Another company had a storage node that looked underpowered on paper: lots of disks, a busy database workload, and a team allergic to buying hardware.
They did what engineers do when procurement says no: tuning.

They cranked recordsize without understanding the I/O profile, tweaked sync settings in the name of throughput,
and raised queue depths in the controller stack to “keep the disks busy.” Benchmarks improved. Slides were made.
Production, predictably, did something else.

Under peak load, the system began accumulating write errors on two disks behind the same expander.
Kernel logs showed timeouts and resets. The tuning had increased the duration and burstiness of writes, stretching
the expander’s tolerance and amplifying any tiny signal integrity issues. The system didn’t fail immediately; it failed intermittently,
which is the worst kind because it wastes everyone’s time.

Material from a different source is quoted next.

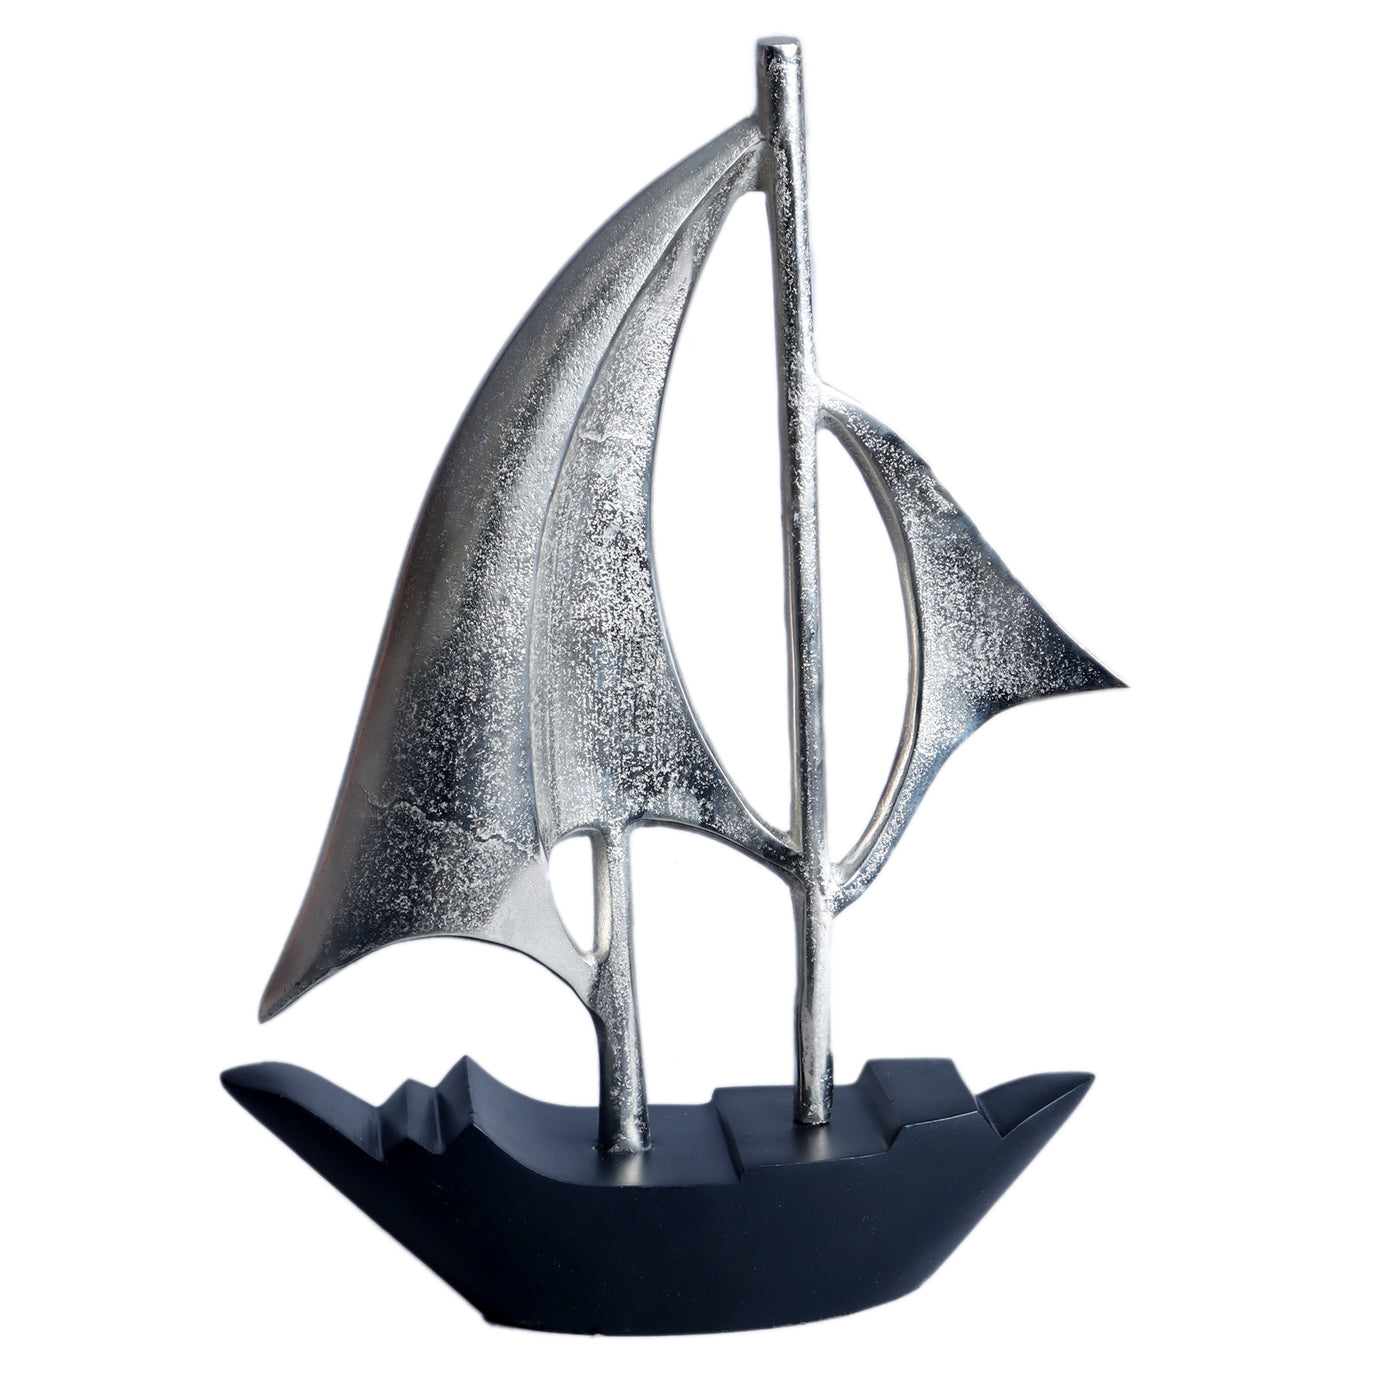 Brings Silver Boat Showpiece for Living Room, Home Decor, Table Decor Office Desk Shelf and Birthday Gift

They rolled back most of the tuning and replaced a marginal expander/backplane module.
Throughput decreased a bit, tail latency improved a lot, and the write errors vanished.
The team learned the lesson nobody wants: a faster path to failure is still a path to failure.

Joke #2: “We tuned it for performance” is sometimes just a fancy way of saying “we made the future incident more efficient.”

3) Boring but correct practice that saved the day: device naming discipline and staged replacements

A finance org ran OpenZFS on Linux for internal file services. Not glamorous, but they treated it like a real system:
stable by-id device names in pools, labeled drive sleds, documented slot maps, and a strict policy that no one hot-swaps anything
without a second person verifying the serial number.

One afternoon, write errors appeared on a single vdev member. The on-call pulled zpool status -P,
confirmed the by-id path, mapped it to a physical slot, and checked logs: intermittent resets on one phy.
They opened a ticket to facilities for a scheduled maintenance window and pre-staged a replacement cable and a spare disk.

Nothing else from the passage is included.